The album has been described as showing that Mitsuda was "well ahead of the curve" when he composed the Chrono Trigger soundtrack. IGN described "Chrono Trigger ~Orchestra Version~" as having a heavy 1970's influence and as being "a testament to Mitsuda's compositional skills", while calling "Chrono Trigger Medley ~Orchestra Version~" "playfully romantic" with "a fairy tale element" in the beginning of the piece that later transforms into "an entirely more grandiose arena". Patrick Gann described the soundtrack as "awesome" and said that "Kameoka is really good at orchestral arrangement". His primary complaint was the length of the album, as he wished it had been a full album instead of a "mini-album" of only two tracks.

| No. | Title | Length |
|---|---|---|
| 1. | "Chrono Trigger ~Orchestra Version~" (クロノ・トリガー 〜Orchestra Version〜) | 2:08 |
| 2. | "Chrono Trigger Medley ~Orchestra Version~" (クロノ・トリガーメドレー 〜Orchestra Version〜) | 4:11 |

===Chrono Trigger Original Soundtrack (2009 release)===
Chrono Trigger Original Soundtrack is a Square-Enix re-release of the Chrono Trigger Original Sound Version soundtrack that was made available for purchase on July 29, 2009. This soundtrack corresponds to the Nintendo DS version of Chrono Trigger, with different instrumentation from the original Super NES version.

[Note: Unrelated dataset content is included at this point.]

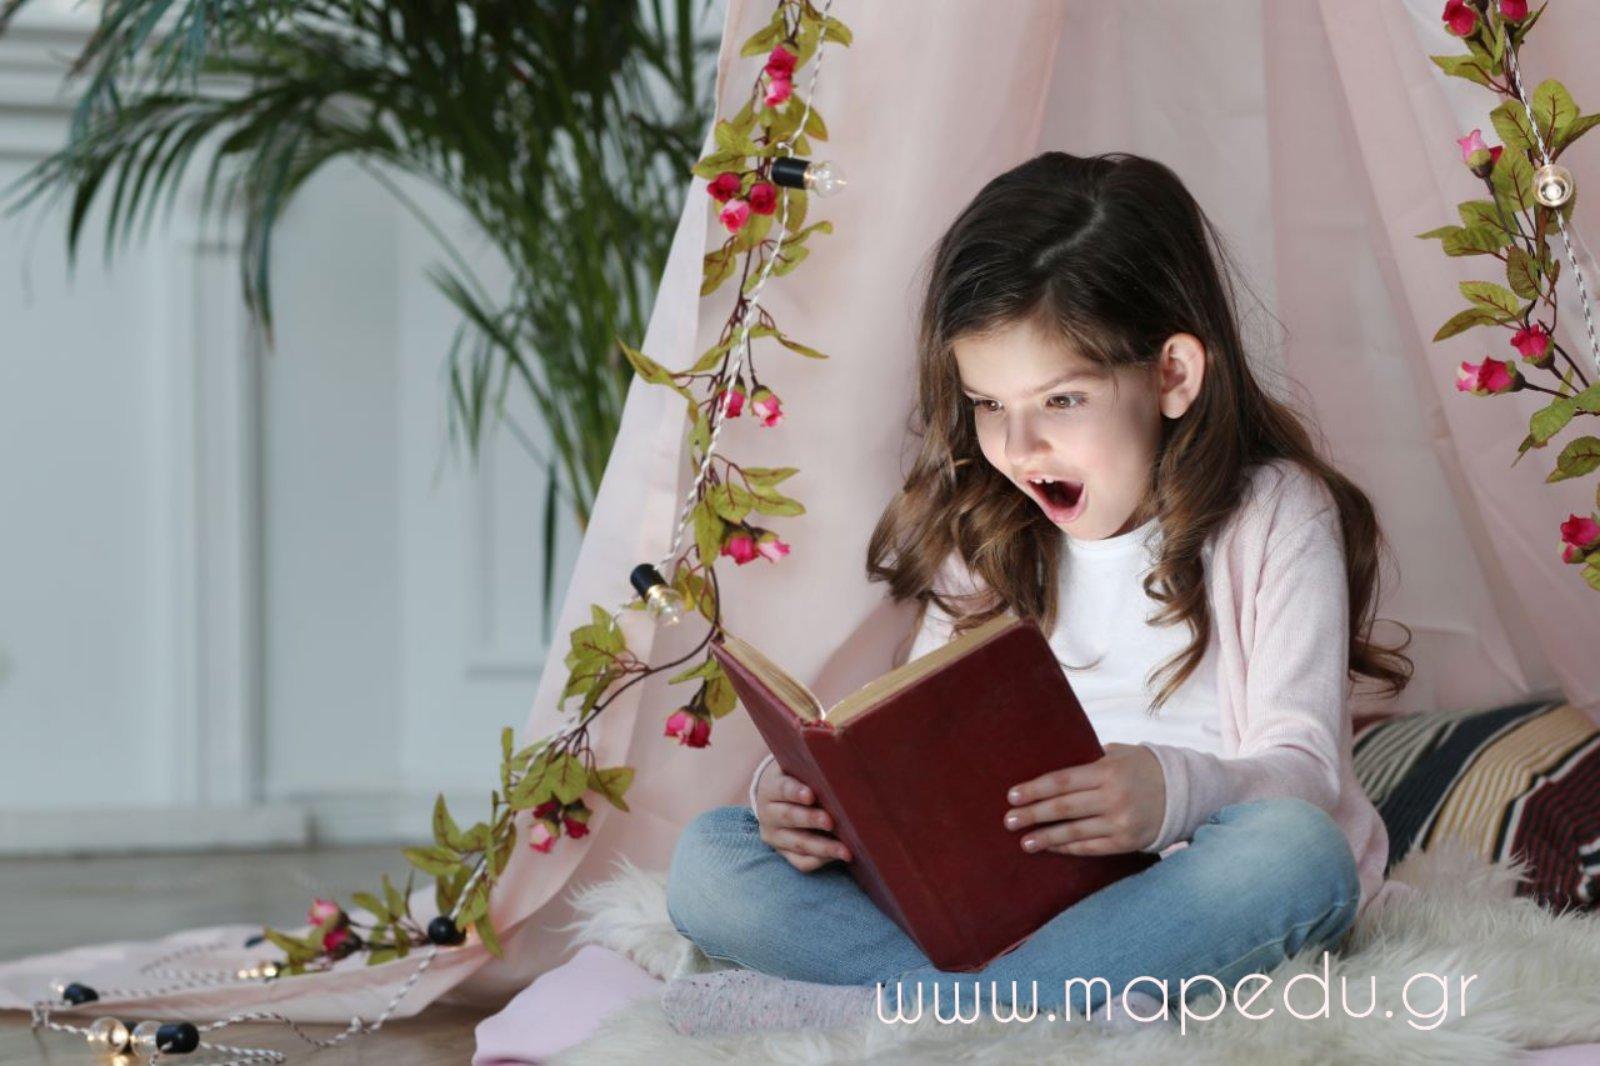 Ενθαρρύνετε το διάβασμα στο σπίτι
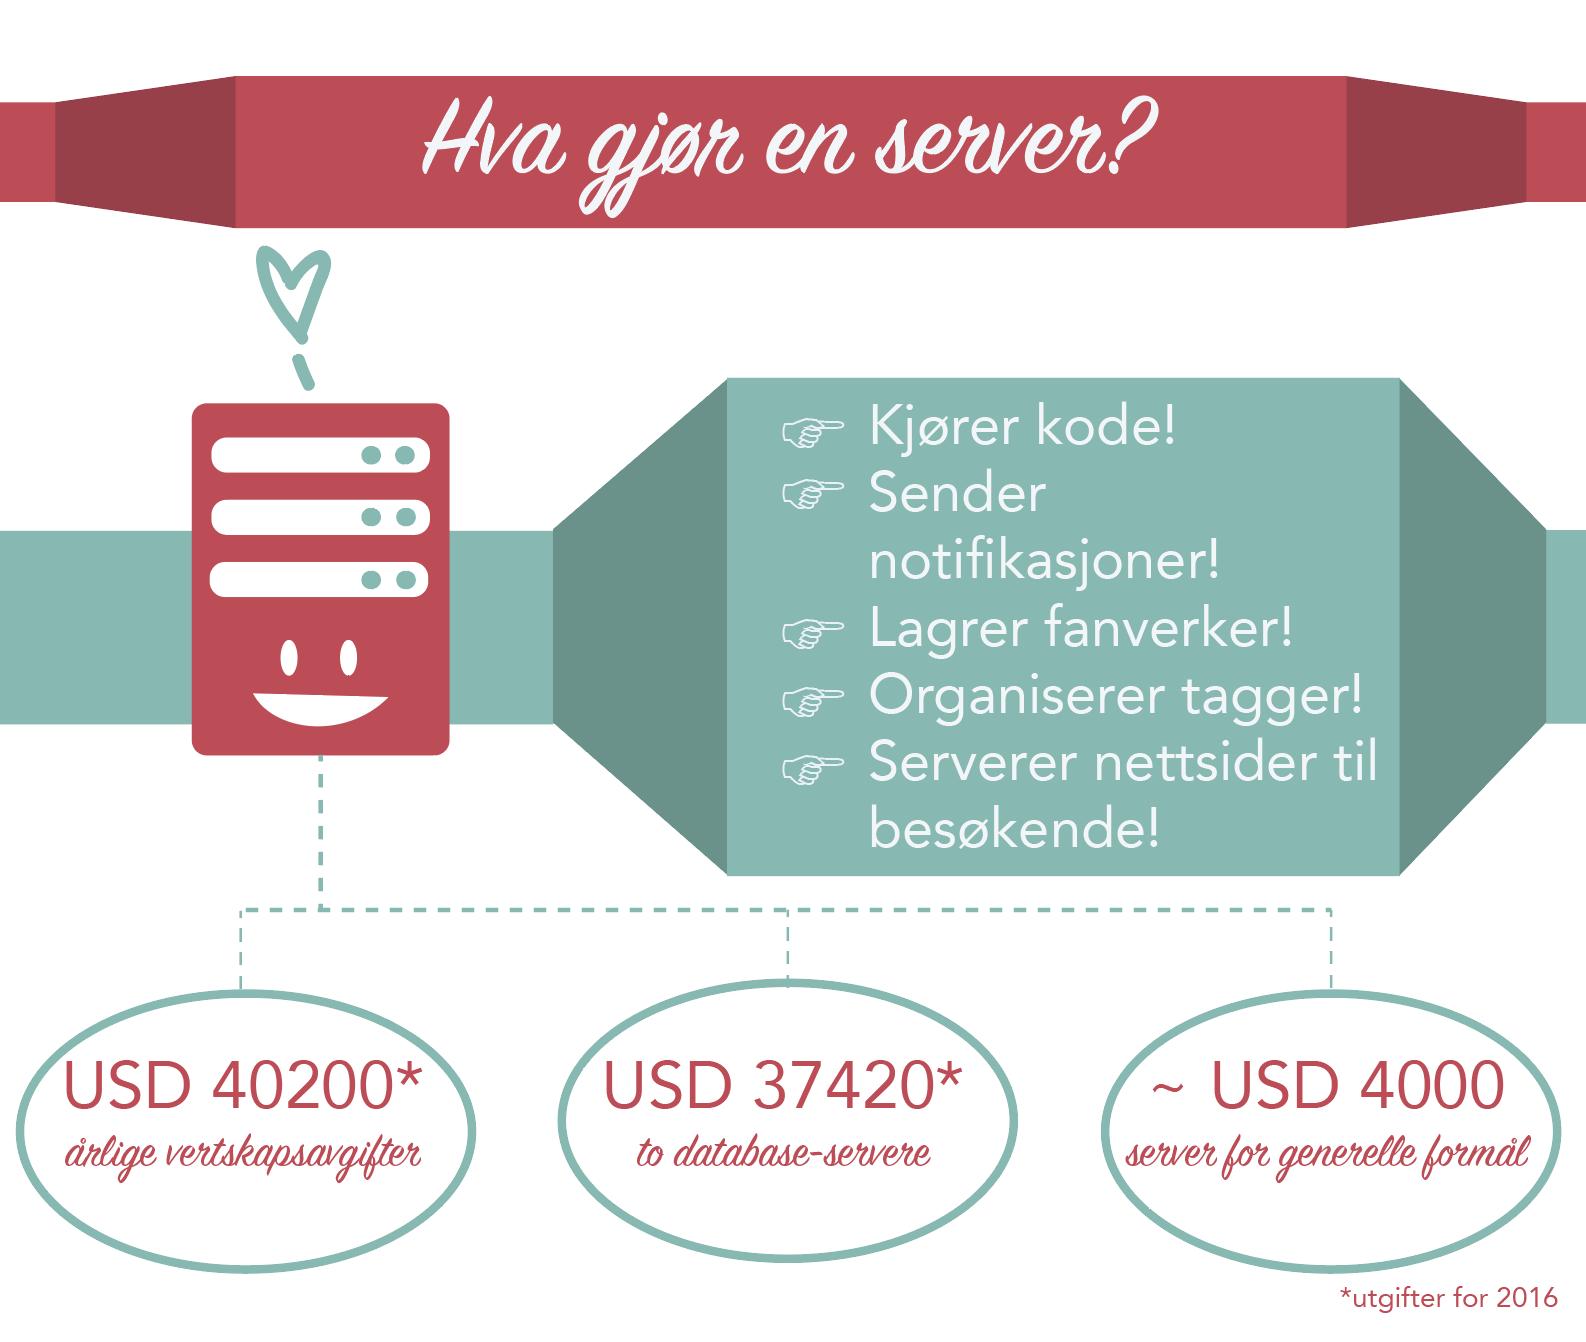 Våre servere kjører koder, sender notifikasjoner, organiserer tagger og serverer nettsider til besøkende. vanlig serverkostnader: USD 40200 i årlige vertskapskostnader, USD 37420 for to database-servere og rundt 4000 for en server for generelle formål - hvorav OTW har brukt tilsvarende de to første hittil i år.

The 3-disc soundtrack contains additional tracks from the PlayStation version of the game, some of which were included in the 1999 Chrono Trigger Original Soundtrack album, as well as a bonus DVD containing an interview with Mitsuda and music videos for the two tracks that were on the Orchestra Extra mini-album.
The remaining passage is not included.